ここでのキーワードは「附属品としての権能(Annex-Kompetenz)」である。この基準の裁判官が通信傍受(TKÜ)を手配することができれば、トロイの木馬使用につきTKÜを小さな付録として与えることは簡単であろう。
この見解が疑わしいほど、CCCは、データ主体のプライバシーのためのトロイの木馬の使用の劇的な結果を明らかにしただけでなく、ターゲットシステムのデータセキュリティ問題を明らかにした。 通常のTKÜと発信元TKÜは、関係者の権利における介入の重大度と比較されるべきではなく、常にトロイの木馬に関連するリスクがあるためである。ほぼ預言的であるが、連邦憲法裁判所が2008年にすでに「オンライン捜査」に関する決定を行っている。
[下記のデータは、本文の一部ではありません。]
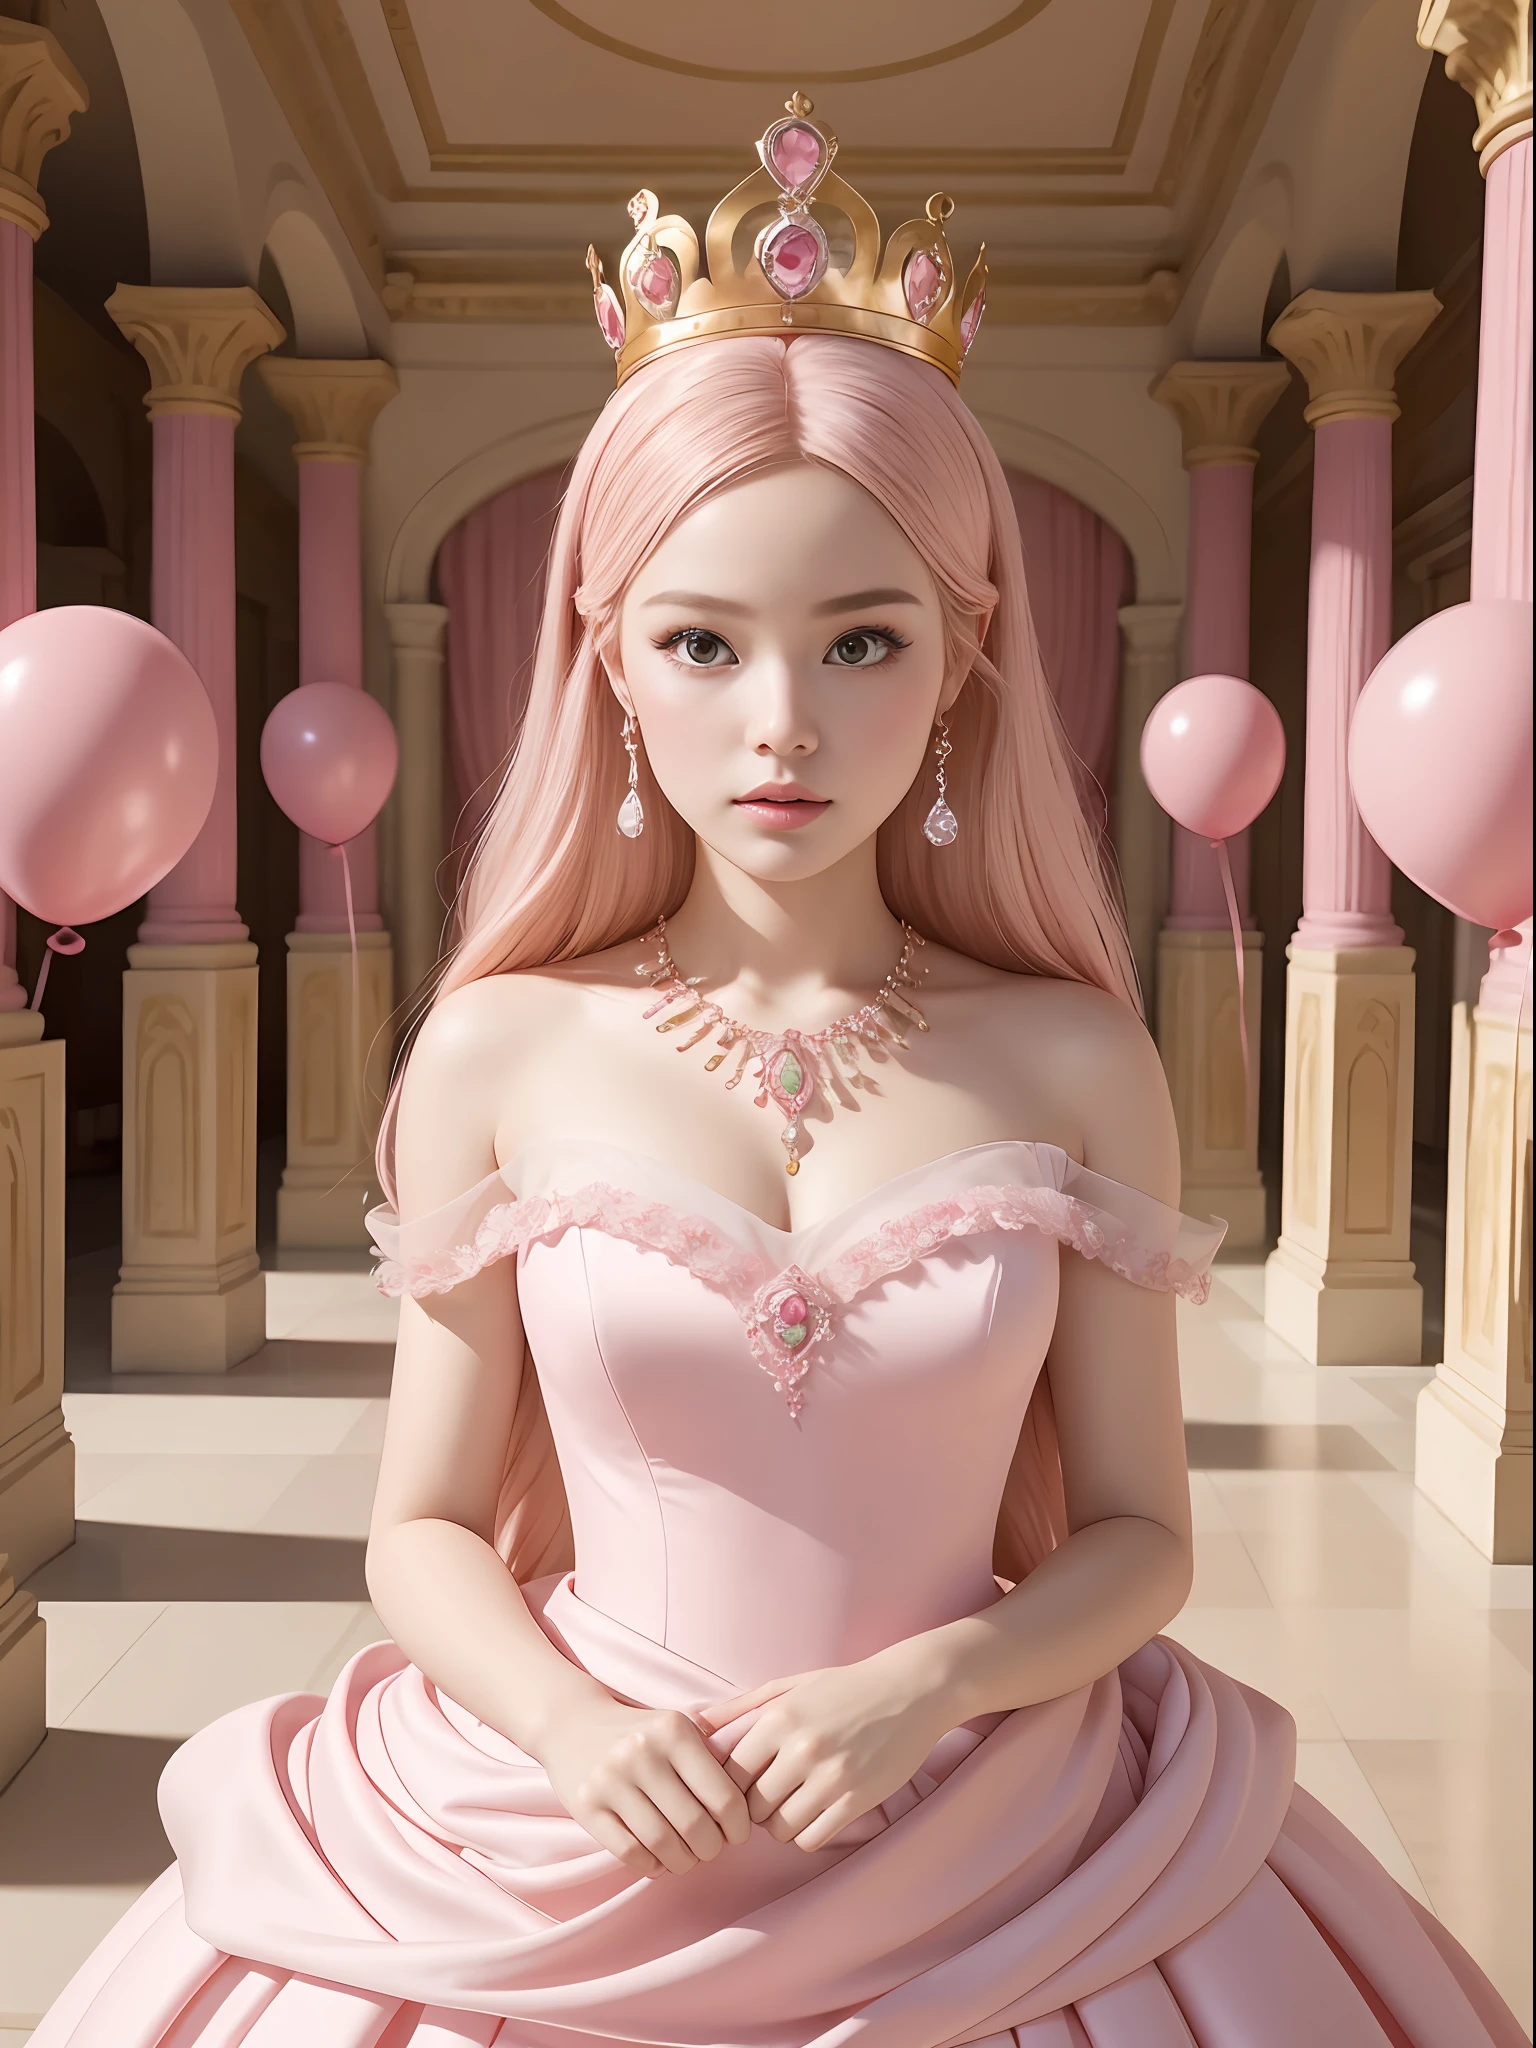 Uma princesa Barbie usando um lindo vestido rosa, Usando uma linda coroa, Uma fotografia interior de um labirinto de monumental, balões rosa inflados, uma instalação de arte de Martin Creed, ((tiro de corpo inteiro)), fundo rosa, rosto delicado, Pele branca, Características faciais delicadas, características faciais perfeitas, retrato de cabelo delicado, retrato de olhos delicados, Qualidade de imagem 8K, sentido da atmosfera, a mais alta qualidade, obra-prima, detalhe extremo, alta resolução, primeiro plano desfocado, escorço, alta qualidade, Obra de arte, melhor qualidade

「複雑な情報技術システムが電気通信監視のために技術的に浸透している場合(「情報通信監視」)、システム全体を偵察するためには侵入に大きな障害がある。現在の電気通信の単なる監視に接続されており、特に、パーソナルコンピュータに記憶されたデータは、システムの電気通信使用に関係しないことに留意されたい。
さらに、聴聞会で有能な専門家から提供された情報によれば、たとえこれが意図ではないとしても、現在の電気通信に言及することなく、浸透後にデータを収集することができる。その結果、従来のネットワークベースの電気通信監視とは異なり、関係者は電気通信の内容や状況を超えて追加の個人情報が収集されるリスクが常にあることになる。
これは実際には追加するものではない。 TKÜへの憲法上無関係な併合措置へのターゲットシステムの非常に繊細な浸潤をどのように描写するかは、私にとってはあまり驚くことではない。
(C)結論
① ここに記載された見解によれば、これはすでにトロイの木馬(Trojans)によるQuellen-TKÜの認可に適した法的基盤が欠けている。
②比例性についての検証
通信傍受につき刑事訴訟法の§100a、§100bの適用を希望する者は、裁判官または検察官として、電気通信監視の比例性を検証しなければならない。 この検証には、テクニカルリソースの選択、特に通信傍受(TKÜ)に利用可能な他の制限の少ない可能性の検討も含まれる。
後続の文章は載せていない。